Exercise instructions: Without changing a thing, reproduce the entire listing and leave out its pictures.

Supplied data:
━━━━━━━━━━━━━━━━
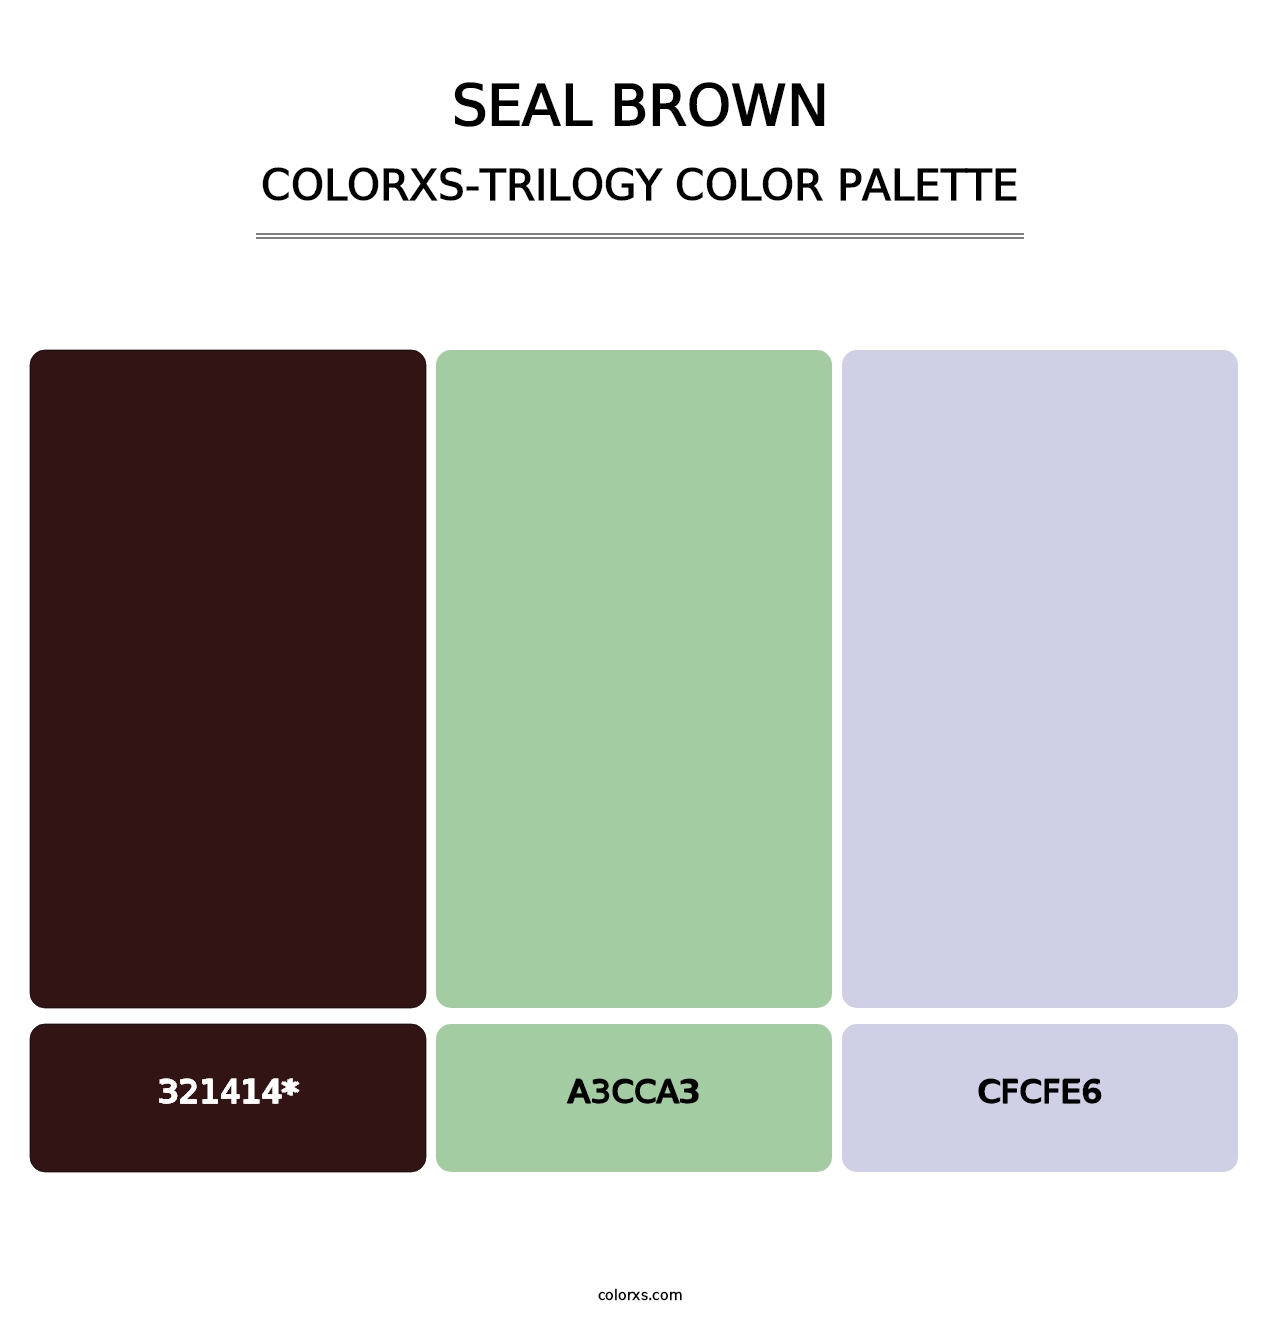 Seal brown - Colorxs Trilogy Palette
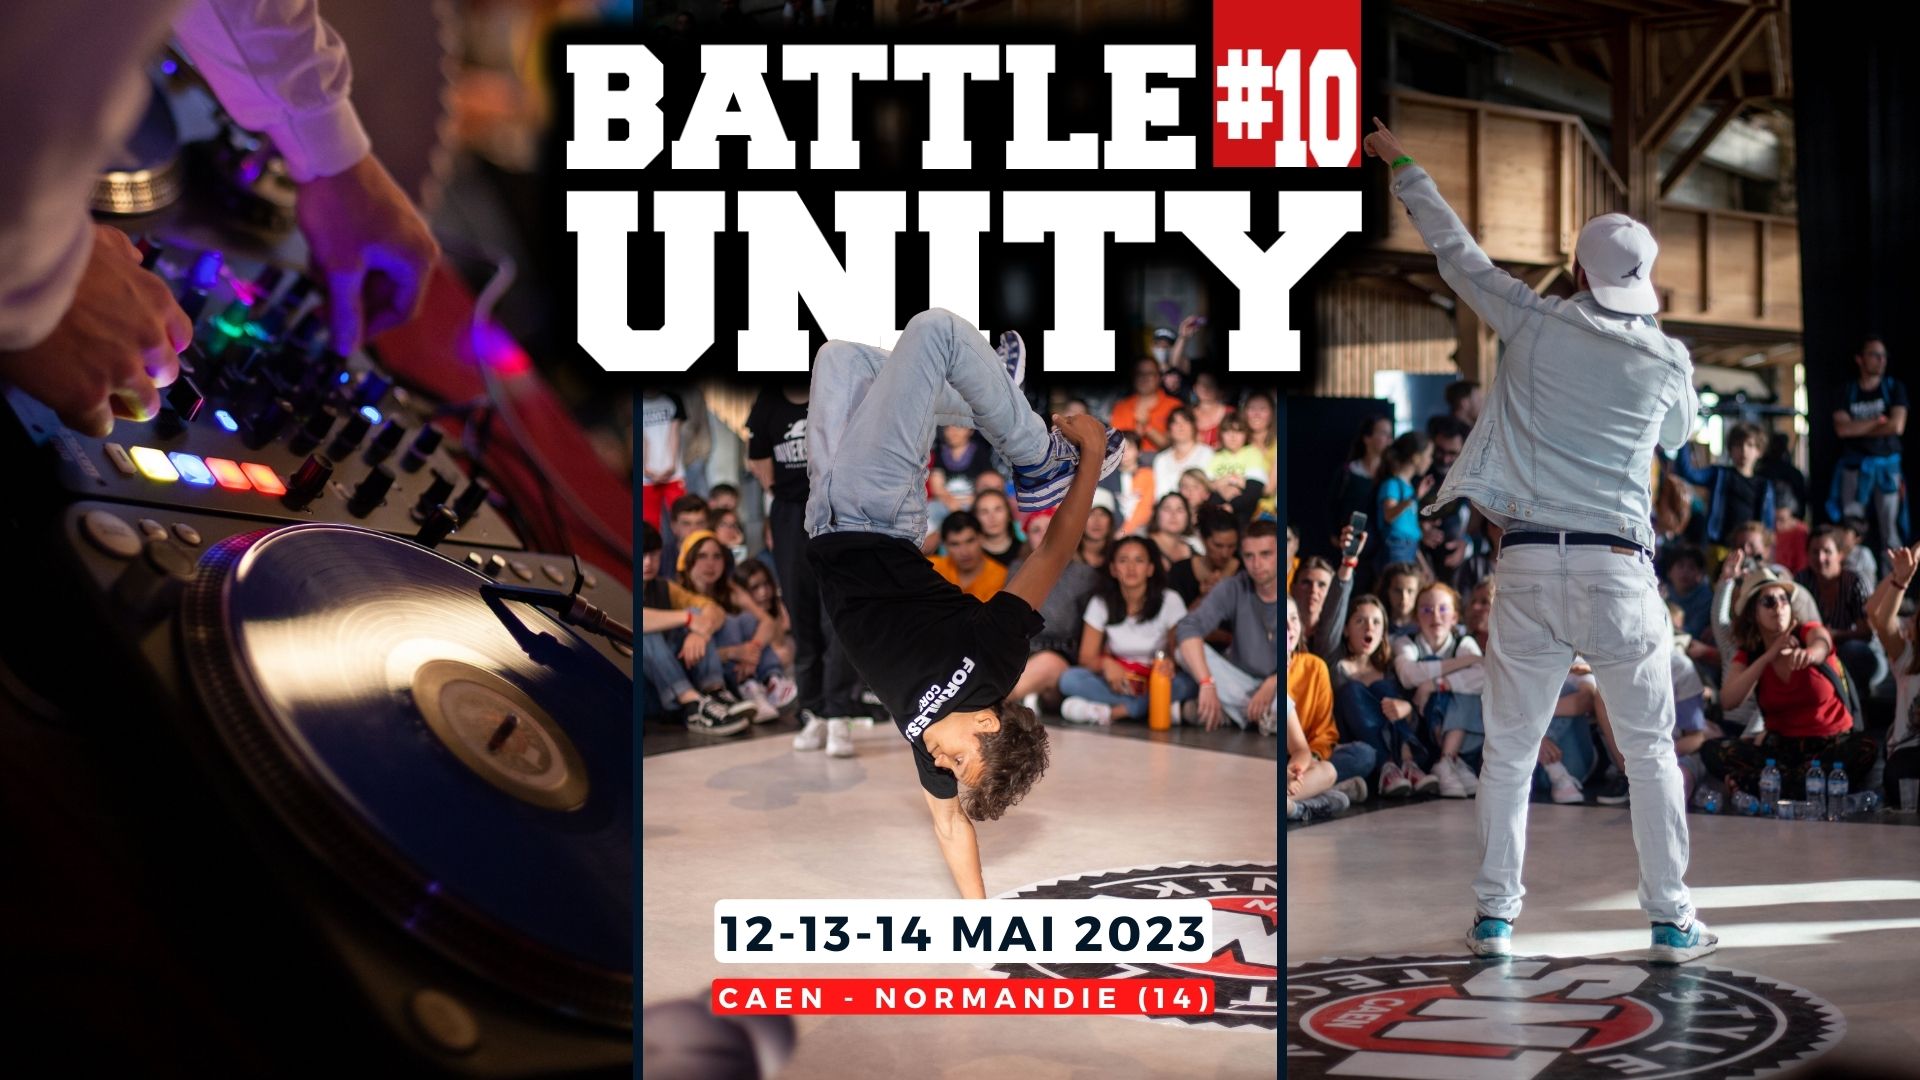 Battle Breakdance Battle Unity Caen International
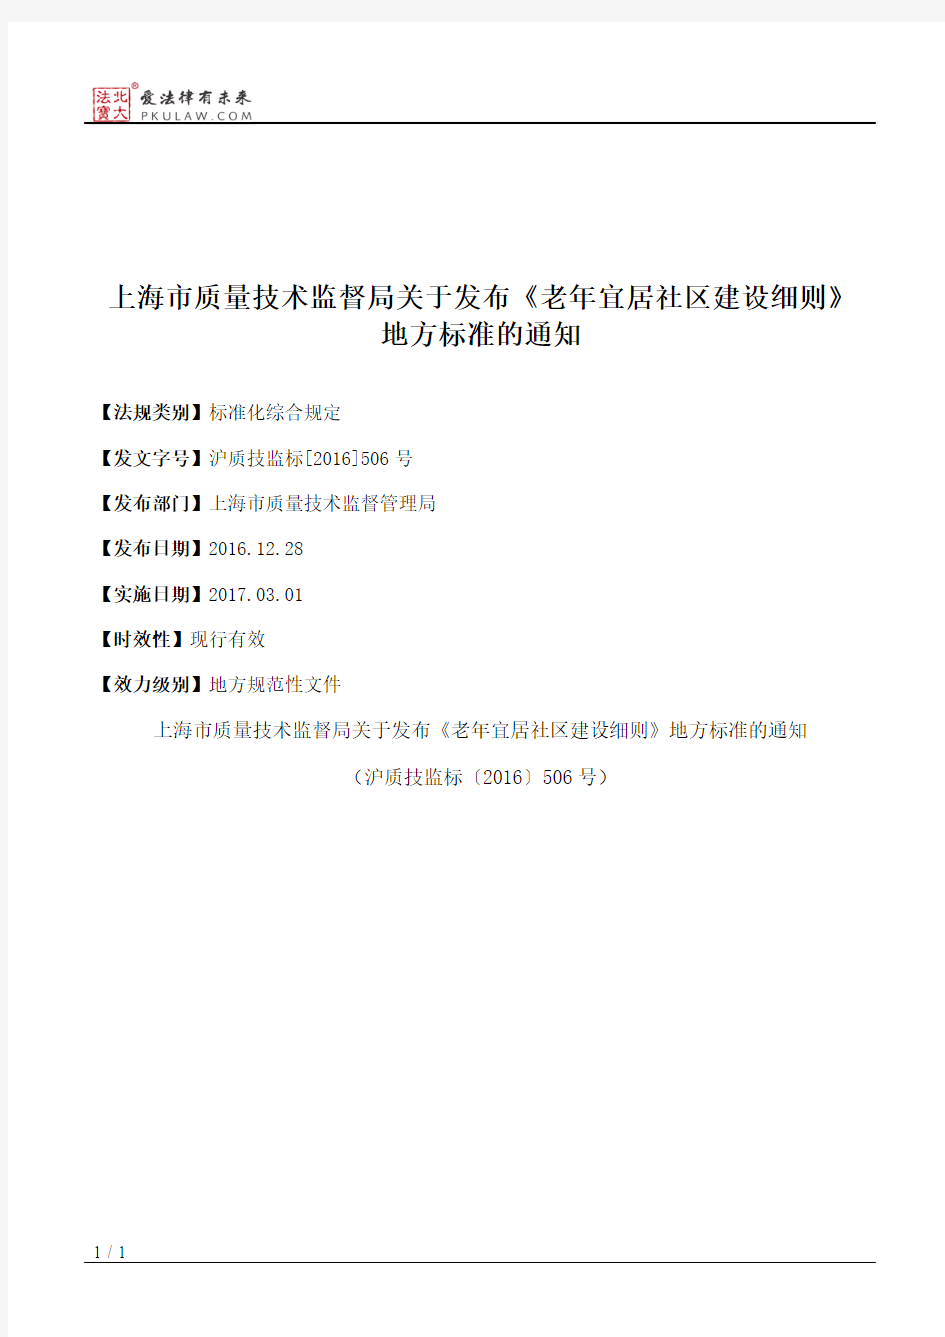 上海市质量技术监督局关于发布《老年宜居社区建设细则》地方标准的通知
━━━━━━━━━━━━━━━━
Problem solution:
 Seal brown - Colorxs Trilogy Palette
 Battle Breakdance Battle Unity Caen International
 上海市质量技术监督局关于发布《老年宜居社区建设细则》地方标准的通知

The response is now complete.